Milletimizin sahip olduğu, bütün milli ve manevi değerlerinin tahrip edildiği, yozlaşma ve çürümenin alabildiğine tırmandığı günümüzde Bu vatan için vatan toprağına düşmüş Ülkücü şehitlerimizin yüksek ahlak ve erdemine her zamankinden daha çok ihtiyacımız olduğu bir gerçektir. Onlar bizim yeminimiz, rehberimiz, dava arkadaşımız ve mana aleminde de olsa çetin yolları aşan fazilet timsallerimizdir.

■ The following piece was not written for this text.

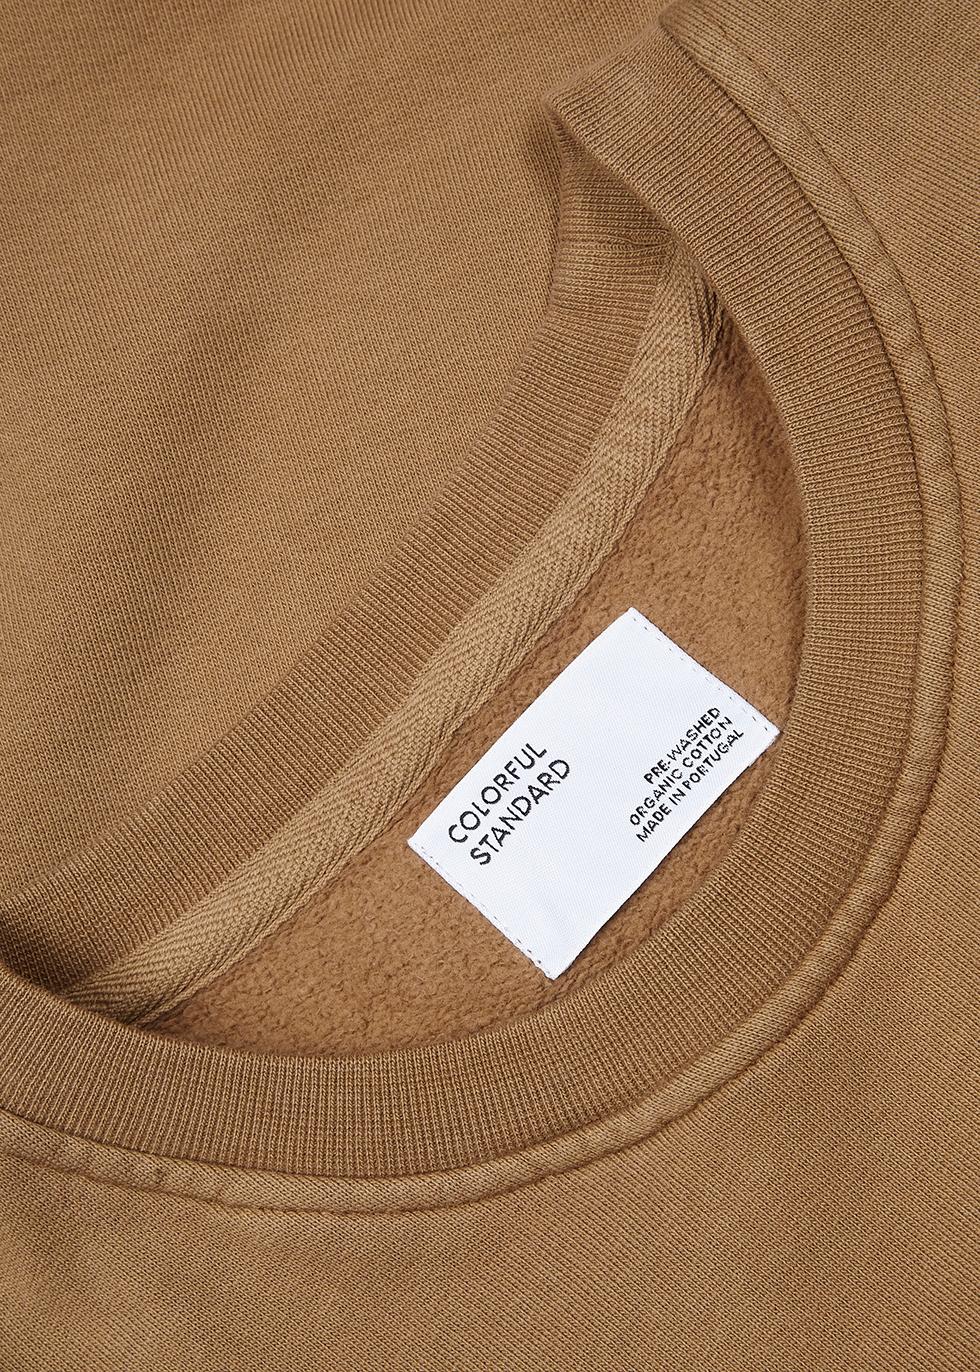 Olive cotton sweatshirt
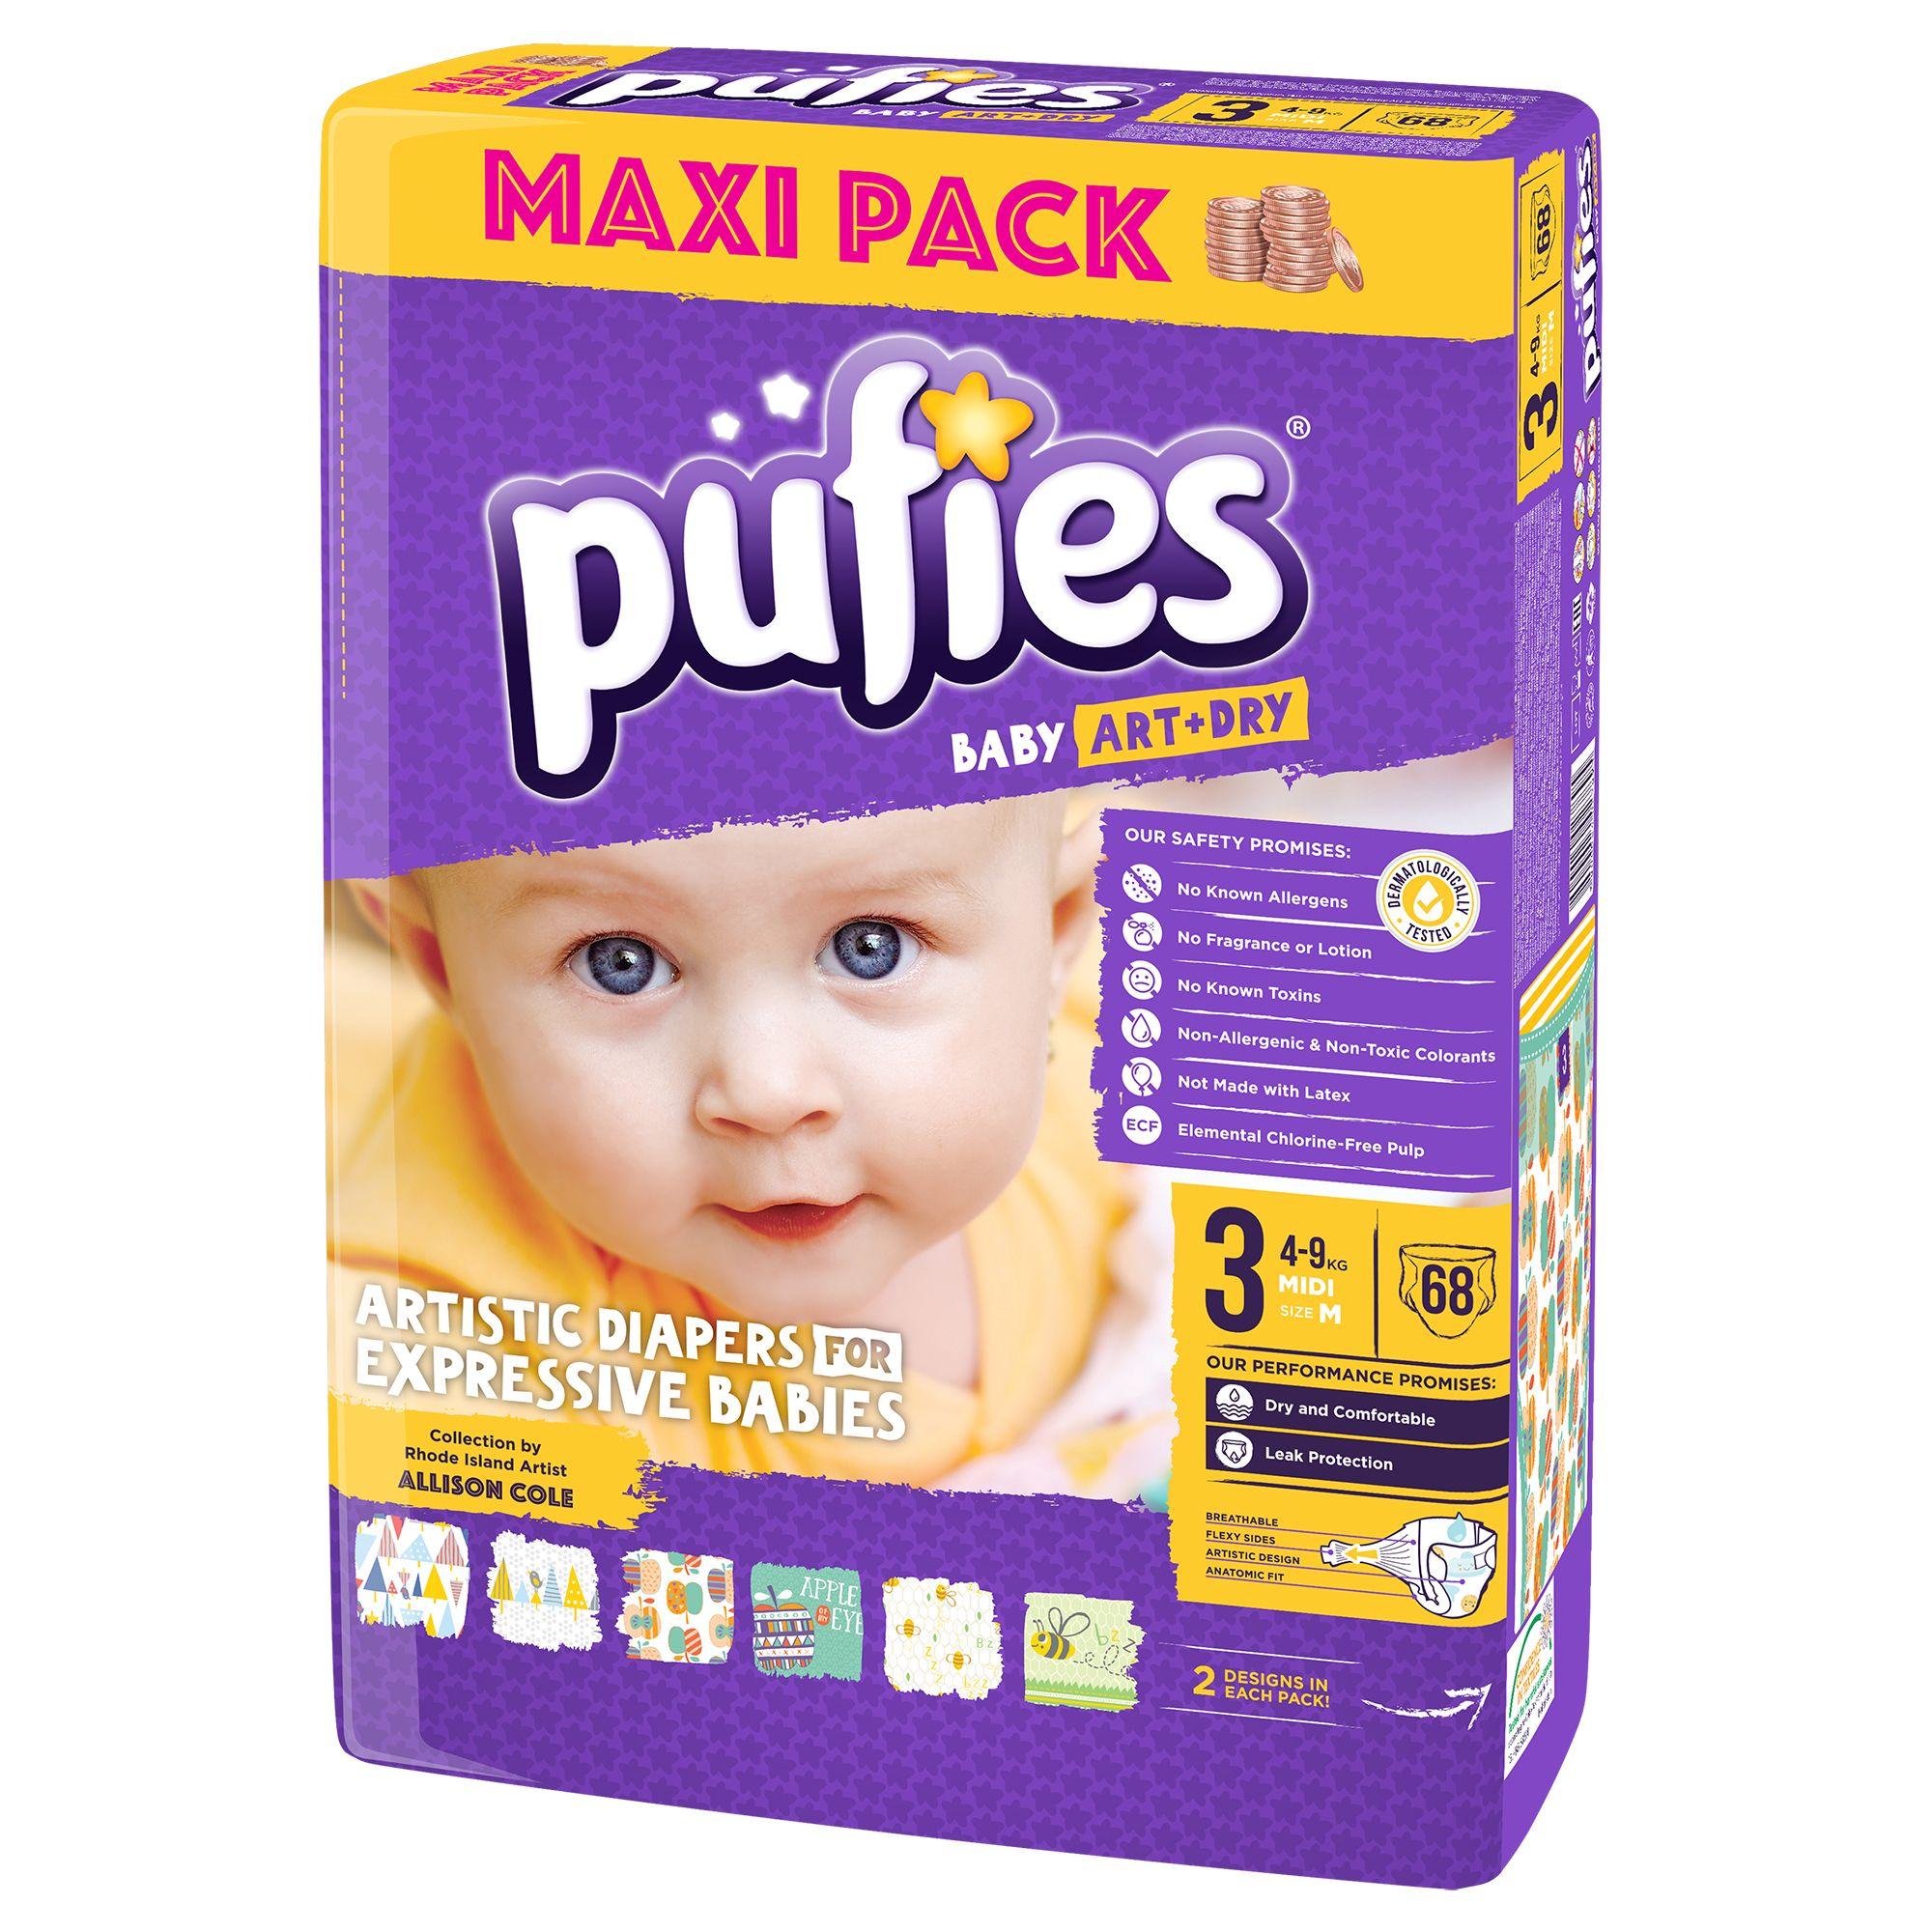 Пелени пуфис pufies art and dry 3 4-9 кг maxi pack

Birileri bu aziz şehitlerimizi unutsa da biz unutmayacağız. Şehitlerimiz üzerinden rant elde eden çetelere karşıda mücadelemiz devam edecektir. Onlar birileri için değil, bu millet, bu vatan ve inandıkları davaları uğruna şahit düşmüşlerdir. Kendilerini minnet ve şükranla anarken davalarının takipçisi olmaya devam edeceğiz. Ruhları Şad, mekanları cennet olsun.